# [Provided records]
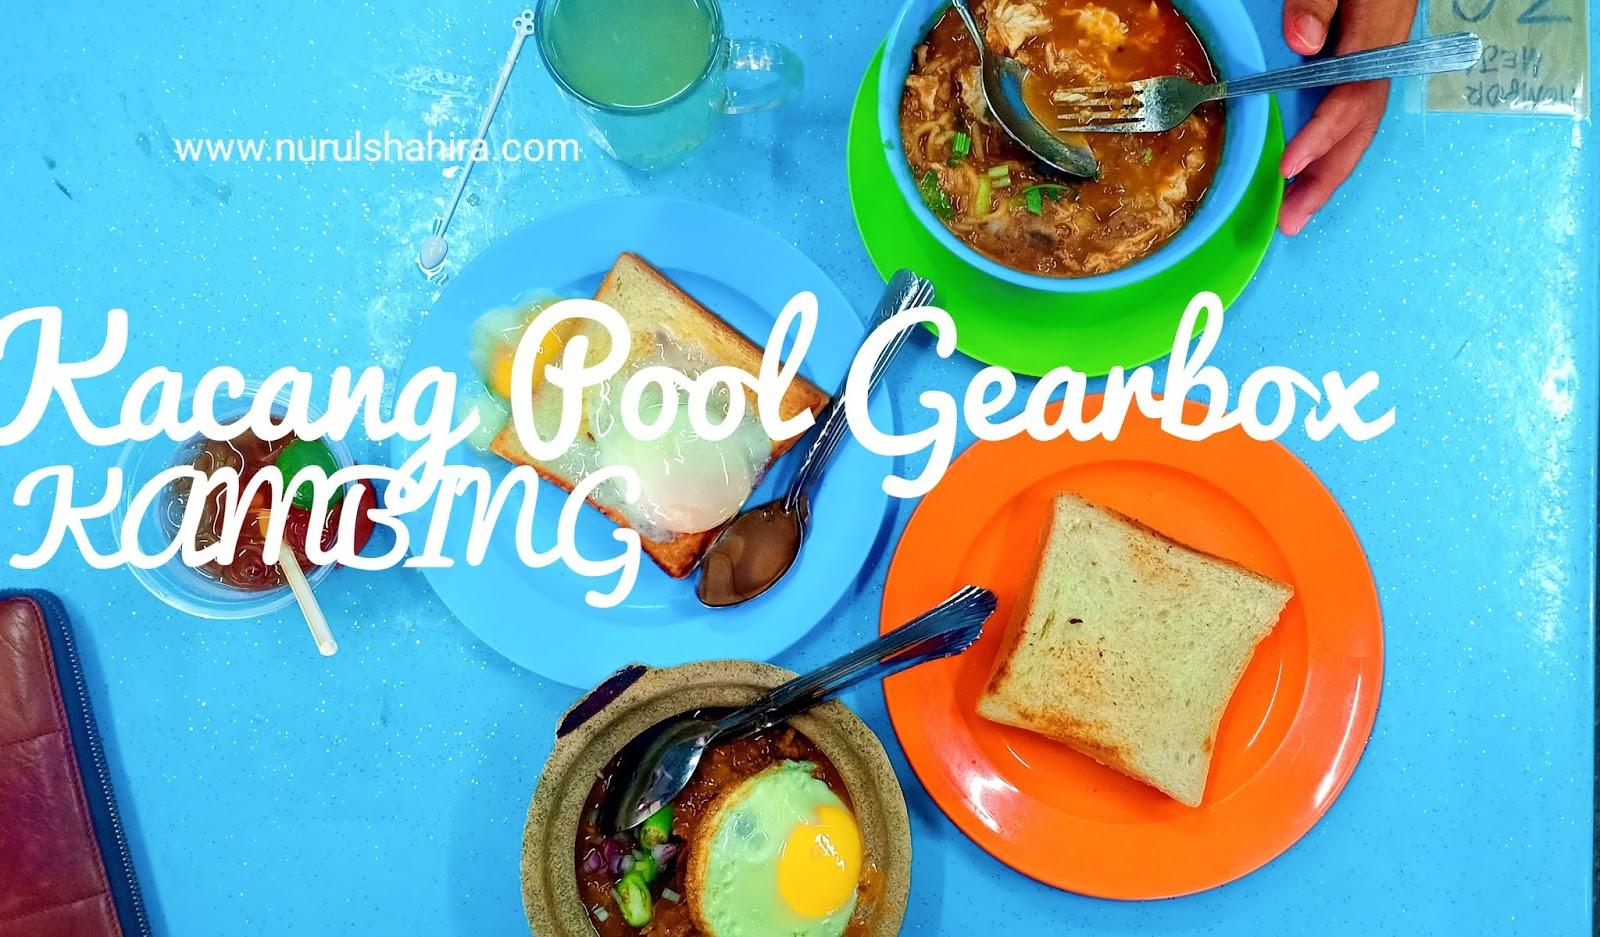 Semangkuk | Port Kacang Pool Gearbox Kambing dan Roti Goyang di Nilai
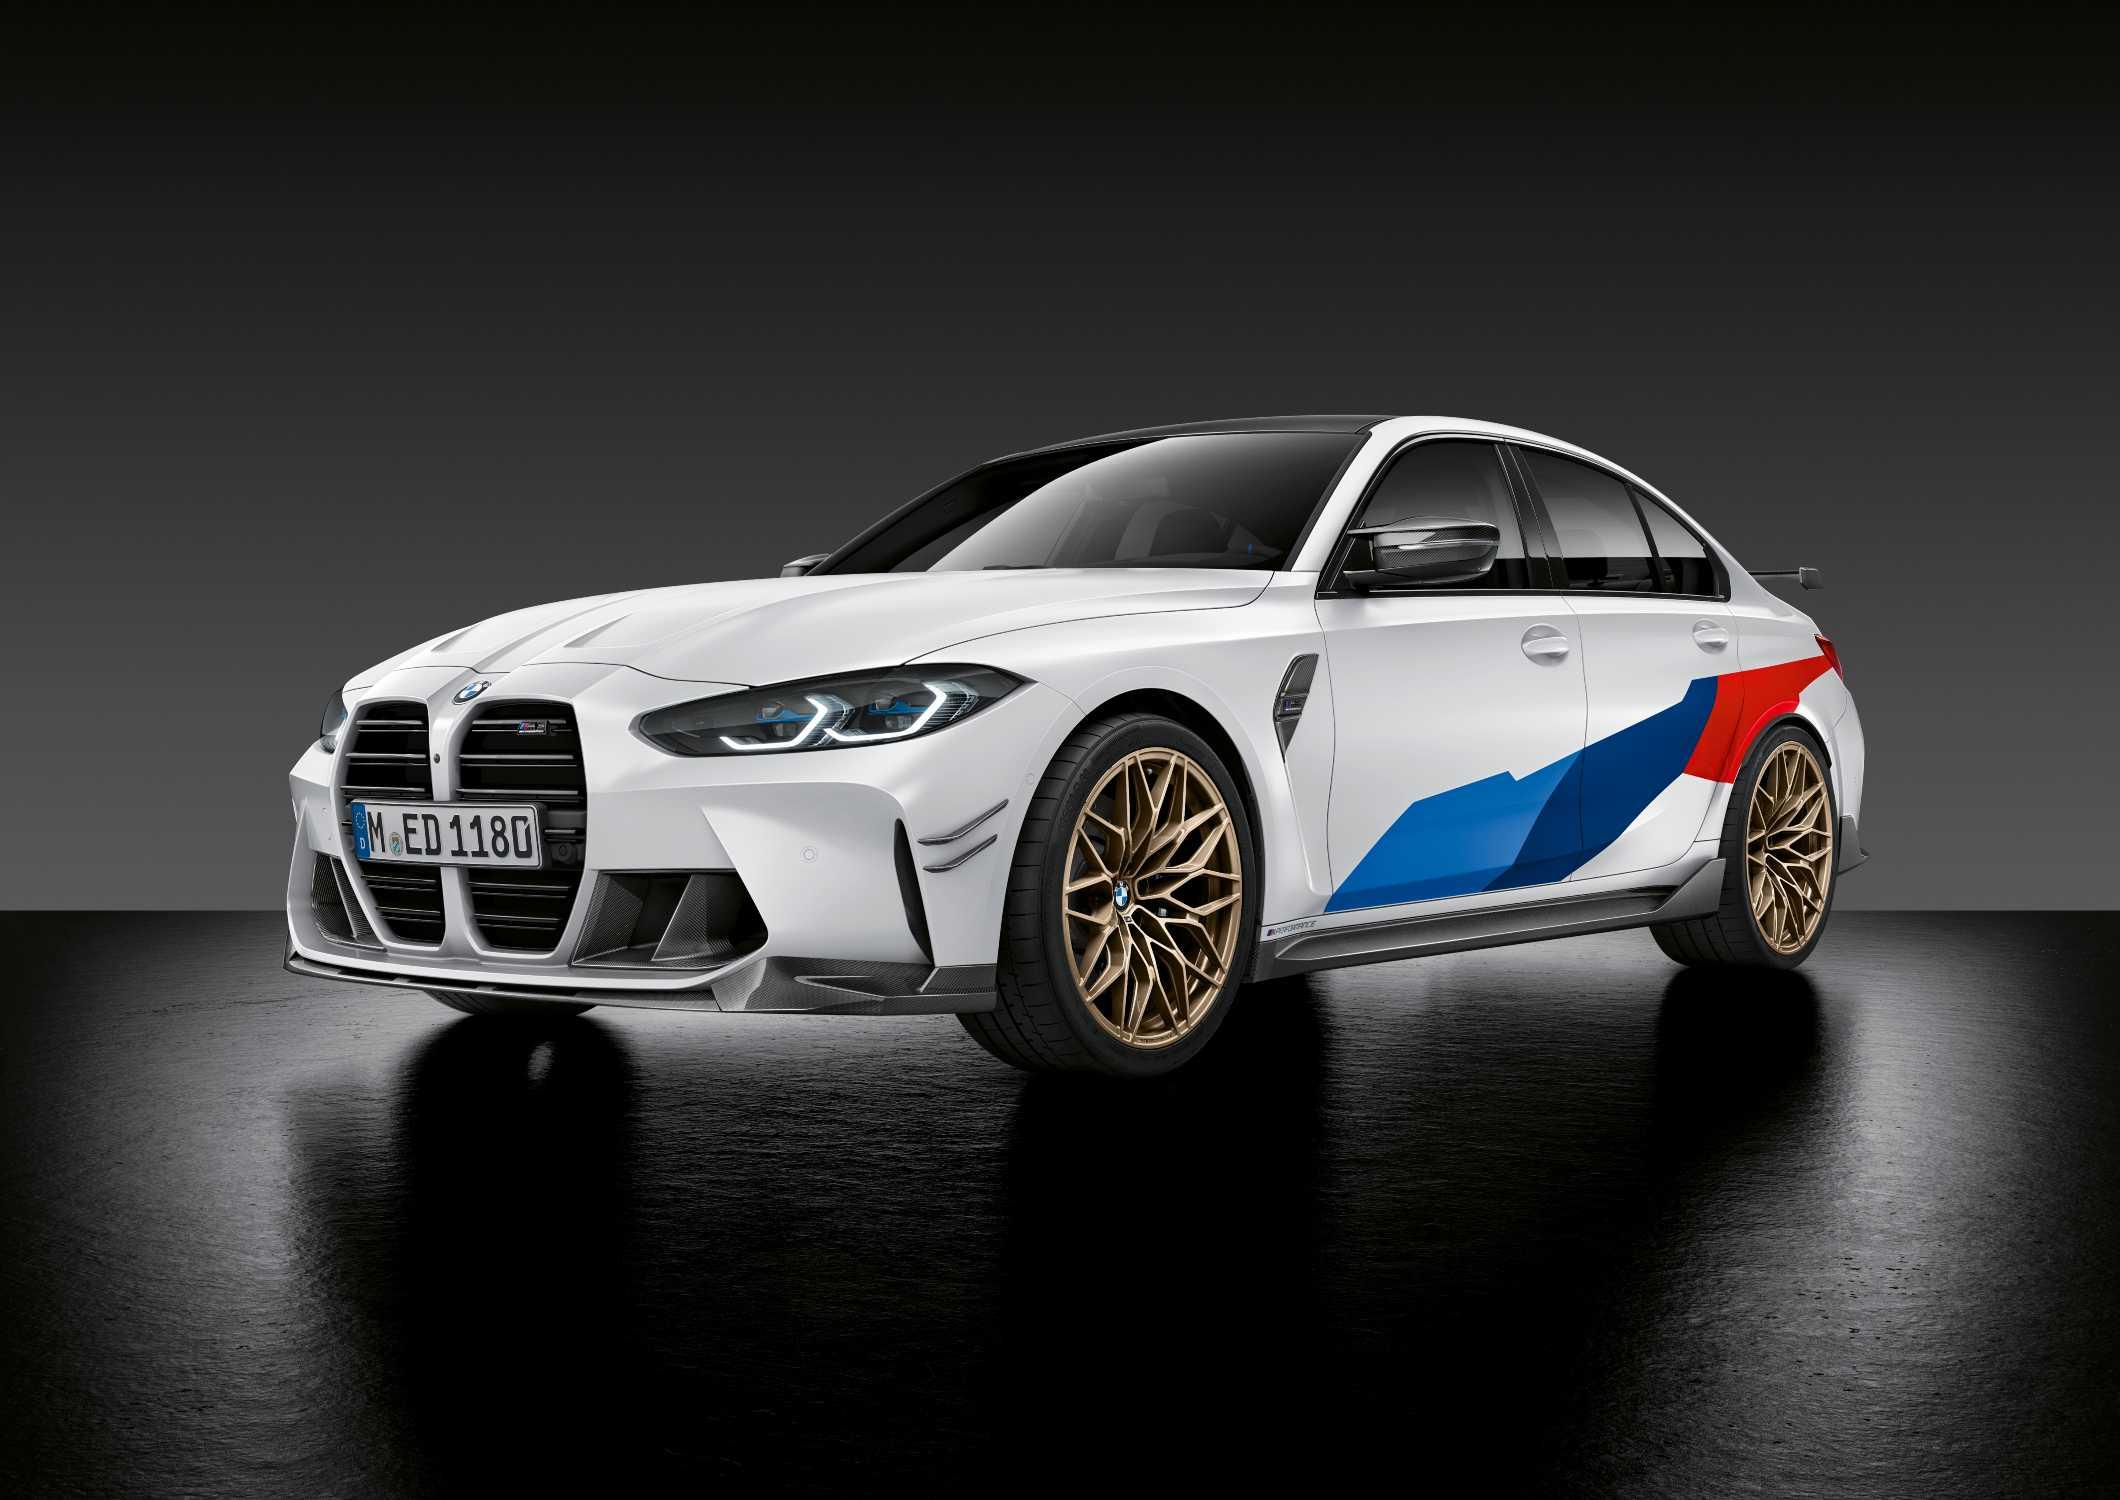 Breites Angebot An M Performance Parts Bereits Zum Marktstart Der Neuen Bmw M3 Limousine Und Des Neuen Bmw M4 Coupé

---

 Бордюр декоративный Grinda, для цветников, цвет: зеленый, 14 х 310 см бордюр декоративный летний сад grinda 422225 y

# [Work item]
A clean copy is needed of the lines above from the one with "Semangkuk | Port" up to and including the one with "Breites Angebot An". Please set it down exactly, with no pictures.

# [Answer to this task]
 Semangkuk | Port Kacang Pool Gearbox Kambing dan Roti Goyang di Nilai
 Breites Angebot An M Performance Parts Bereits Zum Marktstart Der Neuen Bmw M3 Limousine Und Des Neuen Bmw M4 Coupé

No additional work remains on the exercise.